L'idée est de faciliter le travail de la police, souvent à la demande de cette dernière. Les garanties démocratiques coûtent cher en procédures et temps humain, et il est tentant de les éroder pour accélérer la lutte apparente contre les infractions. Les "bavures" nécessitent donc un recours en justice des victimes à la charge de ces dernières. Autant dire que dans un tel contexte, les abus de droit peuvent perdurer et se multiplier.

Une solution respectueuse de l'État de droit serait de donner des moyens à la justice, qui est sous-financée en France, par comparaison avec d'autres pays et par rapport à la police. La situation actuelle provoque de longs délais de traitement en justice, donc exacerbe la tentation politique de se poser en "homme fort" en se passant du juge. On le voit avec les déclarations du ministre, qui se dit prêt à faire bloquer Twitter sans juge par l'Arcom au titre de la loi en préparation.

Peut-on envisager qu’elles aient été davantage pensées dans un but de censure et de contrôle que par volonté de protection des consommateurs ?

Il existe très clairement une volonté de déployer des systèmes d'identité numérique étatiques. L'UE travaille sur la législation eIDAS qui vise à harmoniser et réguler ces systèmes et sera votée d'ici la fin 2023.

Les systèmes d'identité numérique ont leurs usages pour la communication sécurisée avec les administrations ou d'autres services sensibles (accès à nos comptes bancaires, etc), mais à partir de là, la tentation est grande de les utiliser aussi pour surveiller au maximum nos usages sur Internet à des fins de police. Le législateur semble s'orienter dans cette direction, en commençant à préparer le terrain par le contrôle d'âge quasi généralisé.

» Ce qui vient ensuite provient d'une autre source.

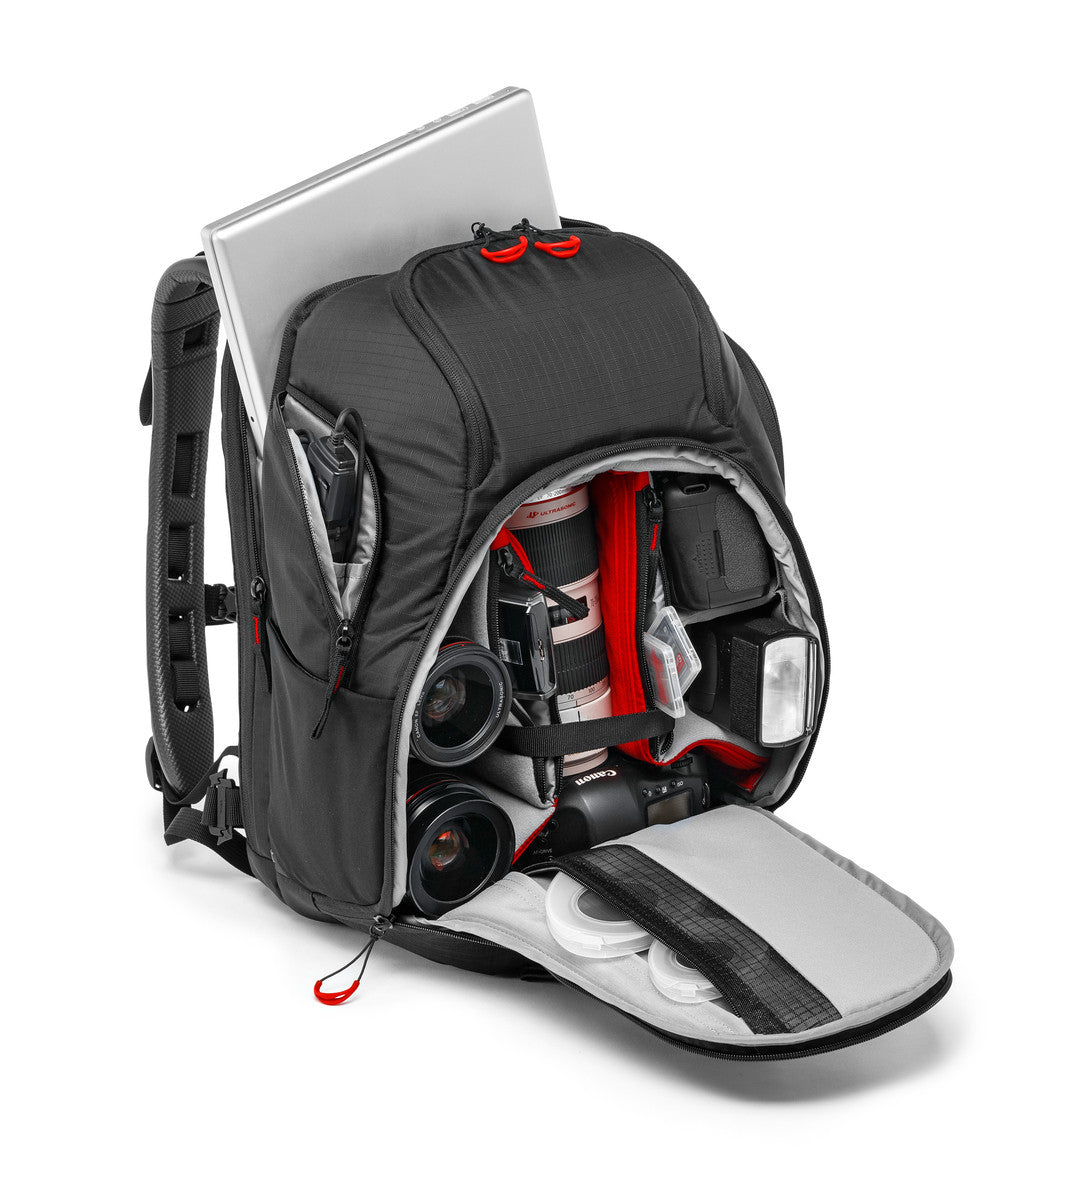 Manfrotto Multipro 120 Pro-Light Camera Backpack, bags backpacks, Manfrotto - Pictureline  - 3

Concernant la lutte contre les arnaques en ligne, la démarche semble plus innocente et louable, même si l'idée de censure d'État sans juge y est sous-jacente. Il s'agit d'une promesse, peut-être un peu hâtive, du candidat Macron en 2022. L'intention, non clairement énoncée, semble être de la rendre facultative pour l'utilisateur. Cependant, cela peut être un "pied dans la porte" pour un glissement ultérieur beaucoup plus coercitif.

Emmanuel Macron, comme d'autres avant lui, n'a jamais fait mystère de vouloir rendre Internet plus "civilisé" à ses yeux avec un contrôle accru de l'État, et l'essentiel de son action numérique va dans ce sens.